Projects

saFe-n-b | Web Application

  • Developed a web application for businesses in F&B industry to aid them with their operations in COVID-19 times.
  • Web scraped latest COVID-19 regulations and statistics using jsoup and displayed them in a dashboard
  • Added employee management to allow businesses to track employees’ vaccination and COVID test details

PSA Vessel Schedule Tracking | Web Application

  • Developed a web application to allow PSA to track its vessels.
  • Features include automatic scheduling of API calls, table sorting/ filtering, user login and registration using JWT.

Jobility | Web Application

  • Developed a prototype for a platform that bridges the employment gap for Persons with Disability (PWDs).
  • It uses AI technology to tailor the matching process between skillful PWDs and suitable employers
  • Features include a deep learning recommender, speech recognition and employee leaderboard.

Portfolio Performance | Android Application

  • Developed an Android application which downloads historical stock data from finnhub for a given stock, persists it in SQLite database and calculates performance metrics.
  • Utilized various Android components, such as Activities, Services, Content Providers, Broadcast Receivers and Intents
  • Performed concurrency, synchronization and multithreading to optimize performance and improve interactivity

Understanding Location-Based Recommendations | Data Structures Research Project

  • Implemented unbalanced k-d tree, balanced k-d tree, and vantage point trees in Java to find the list of businesses in the Yelp Business Dataset within a cutoff distance from a given input coordinate.
  • Thoroughly analysed the time and space complexities of the data structures; adapted latest research on balancing k-d trees using recursive partitioning and presorting.

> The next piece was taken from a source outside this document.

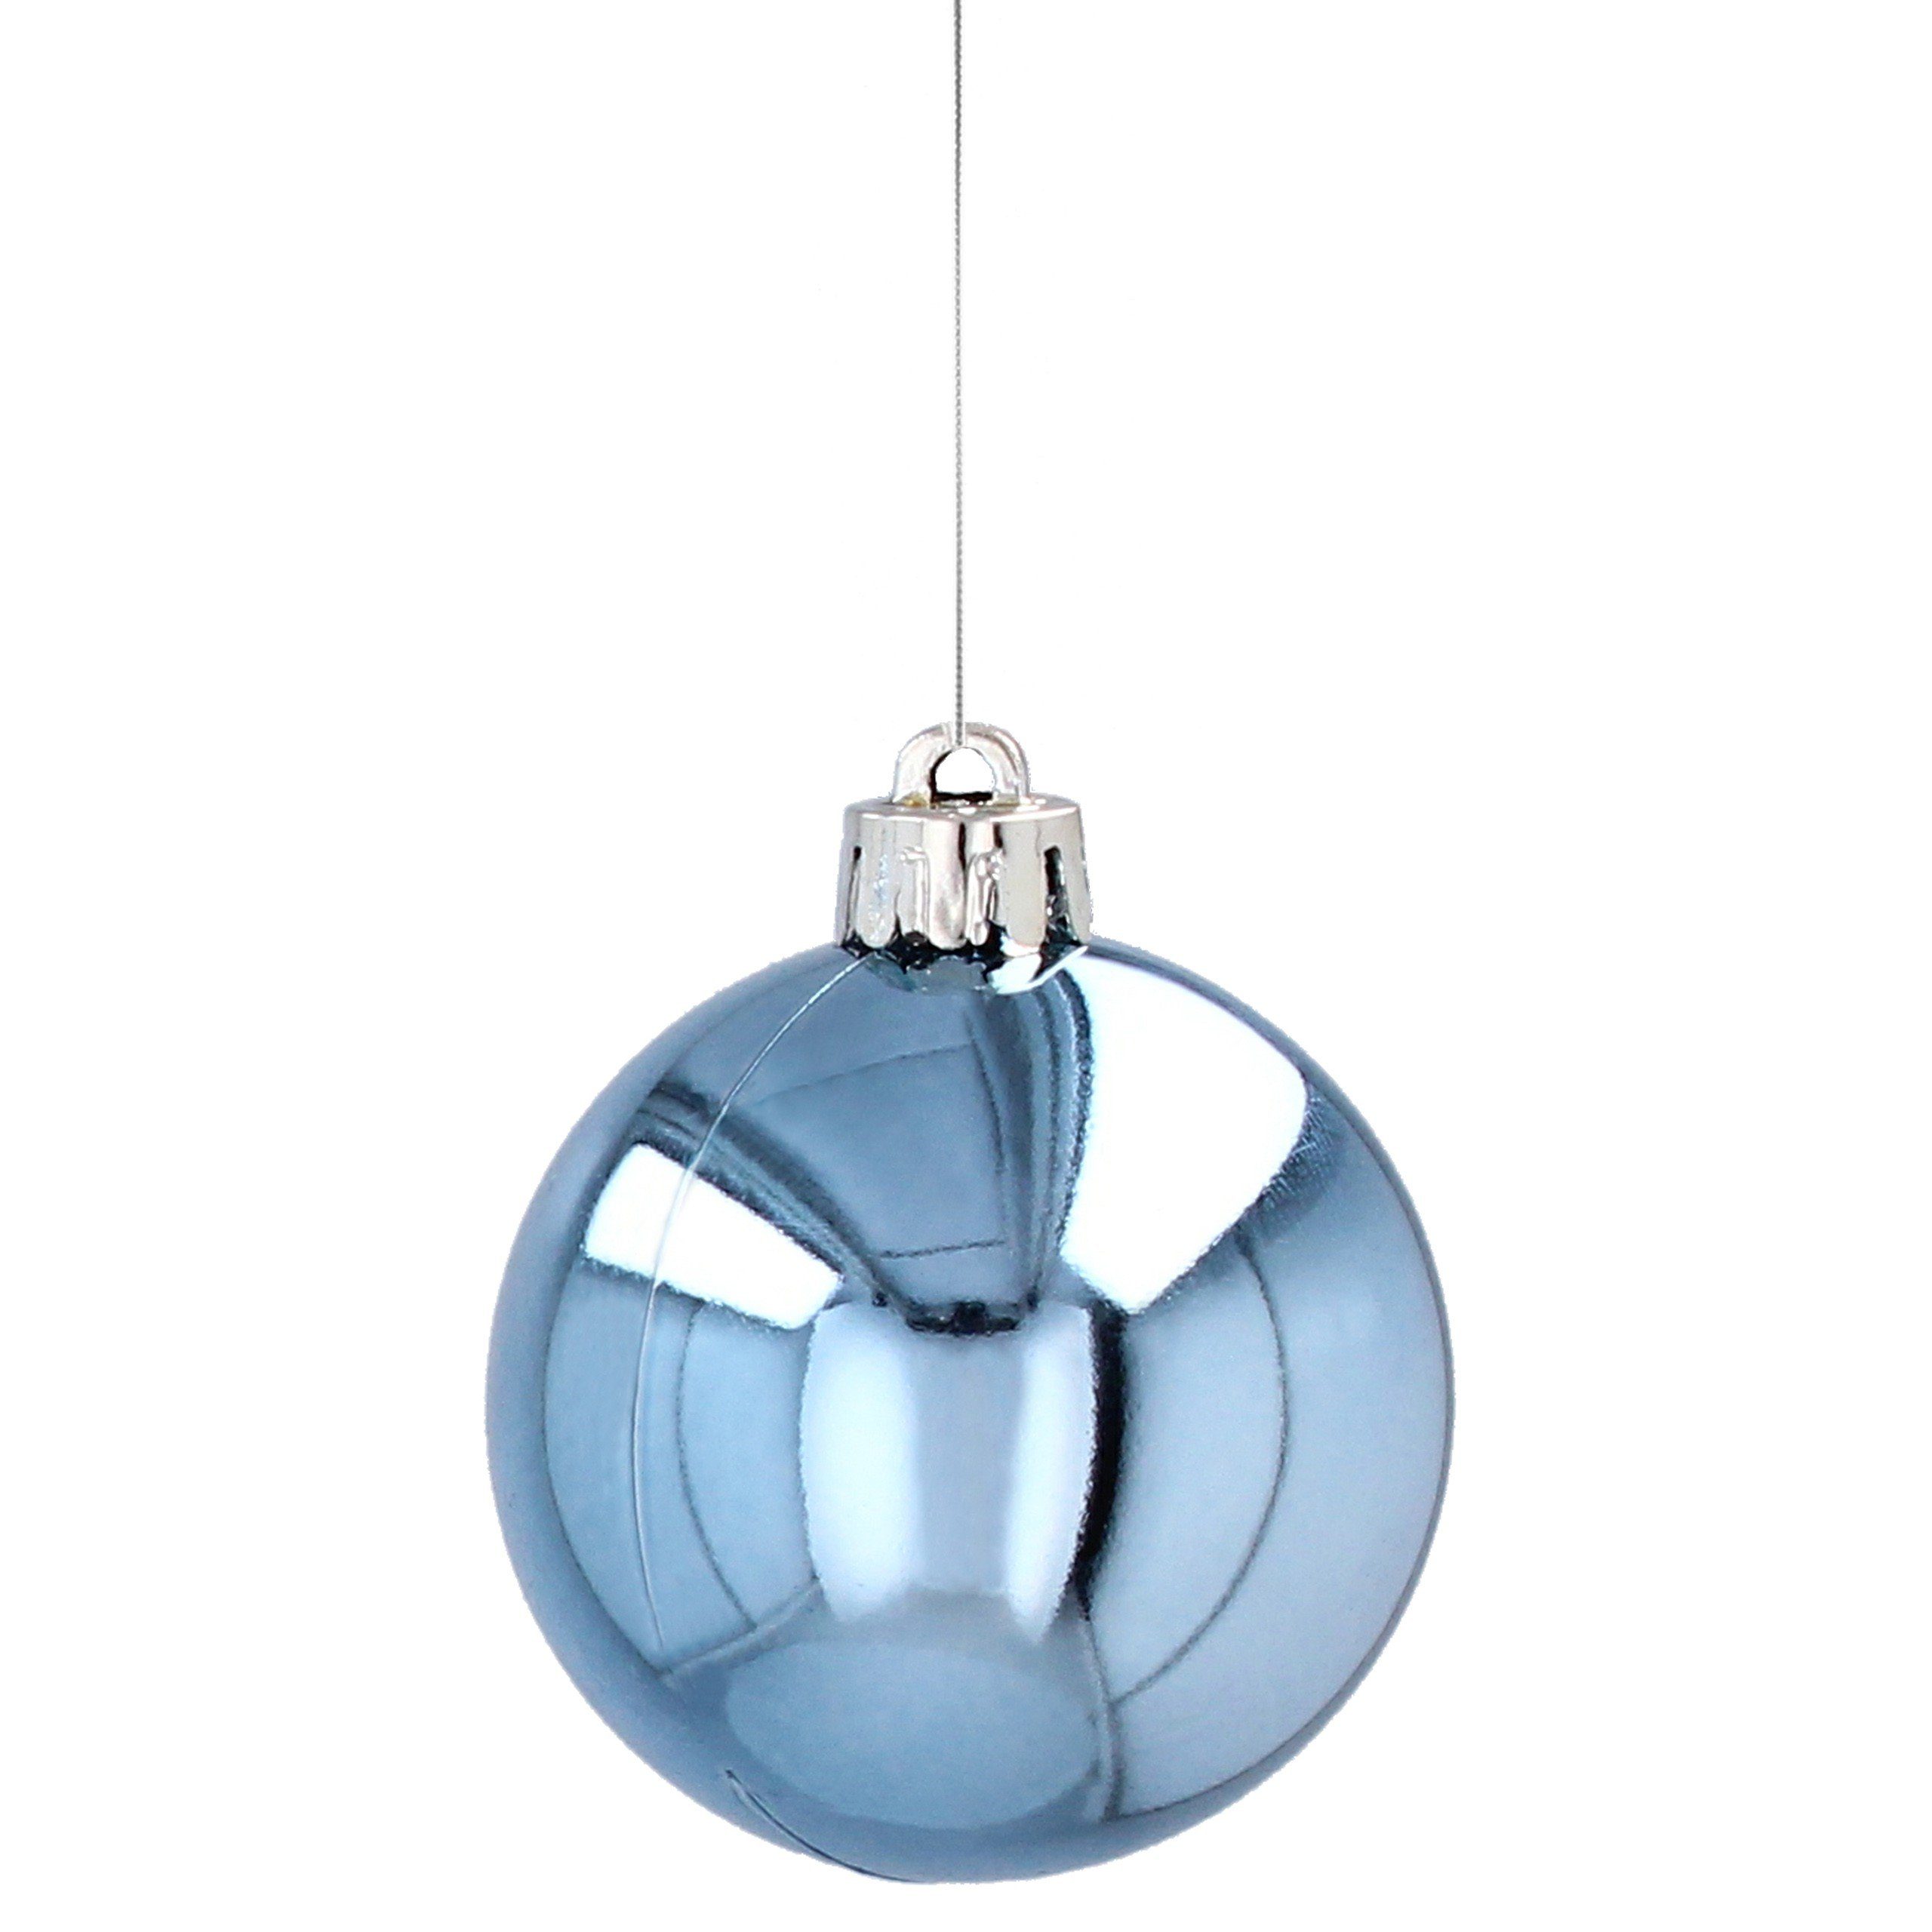 Sarcia.eu Weihnachtsbaumkugel Blaue Christbaumkugeln Kunststoff Stück 24 5cm, aus

Behind the Scenes | Computer Networking Research Project

  • Used Wireshark to evaluate the efficacy of Android’s restricting background network activity feature.
  • Ran tcpdump on a VPN server to capture network packet information; used iptables to configure firewall rules to block destination ports 80 and 443; compared the network traffic of common messaging applications
  • Identified the servers messaging applications communicate with and frequency of communication with server.

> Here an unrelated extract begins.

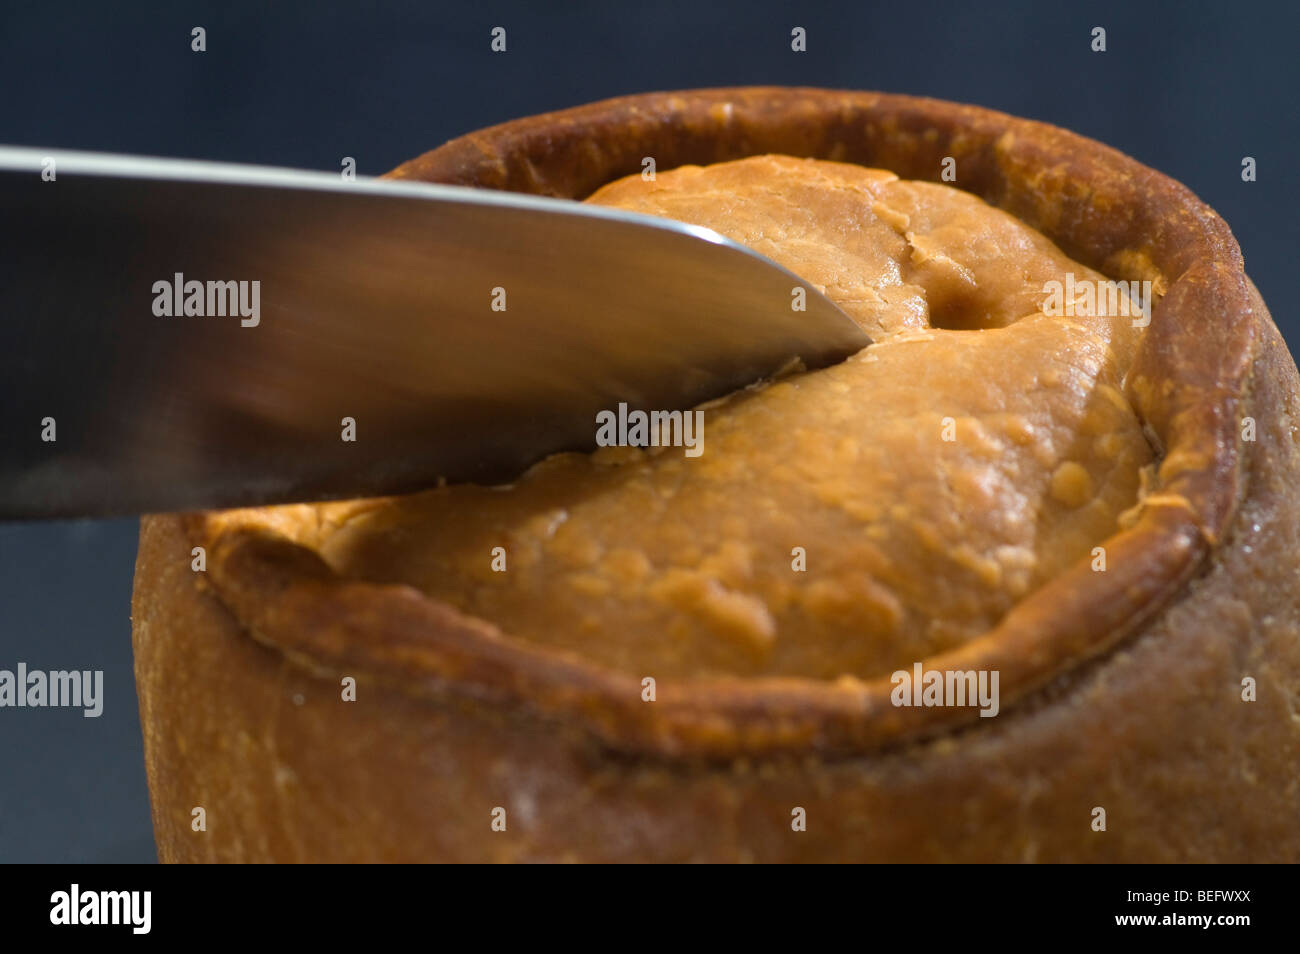 Cutting a Melton Mowbray pork pie. Stock Photo

Self-Trained Knowledge Distillation | Deep Learning Framework

  • Proposed a novel framework combining self-training with knowledge distillation for semi-supervised few-shot classification. Experimented with various knowledge distillation mechanisms.
  • Evaluated the method on a popular few-shot benchmark- miniImageNet- and achieved results comparable to state-of-the-art methods for semi-supervised few-shot classification.

Data Modelling of Wine Quality | Machine Learning Model

  • Built a multiple linear regression model to model the relationship between wine’s chemical attributes and quality
  • Performed EDA and correlation analysis for feature selection, 100-fold cross-validation and subsequently sensitivity analysis to select the best models, and clustering to further investigate the effect of features on wine quality rating

Sarcastic Headline Detector | Machine Learning Model

  • Built a binary decision tree classifier with 91% ROC AUC score of detecting whether a news headline is sarcastic.
  • Used spaCy for natural language processing, scikit-learn to generate n-grams and to train and evaluate multiple models, including Naıve Bayes, Logistic Regression etc.

Attendo | Android Application

  • Developed an Android application which automates employee attendance tracking using geofencing
  • Used Java for backend, Firebase Authentication for user authentication, Firebase Realtime Database to store employee and employer data, and radar.io API to integrate the geofencing technology.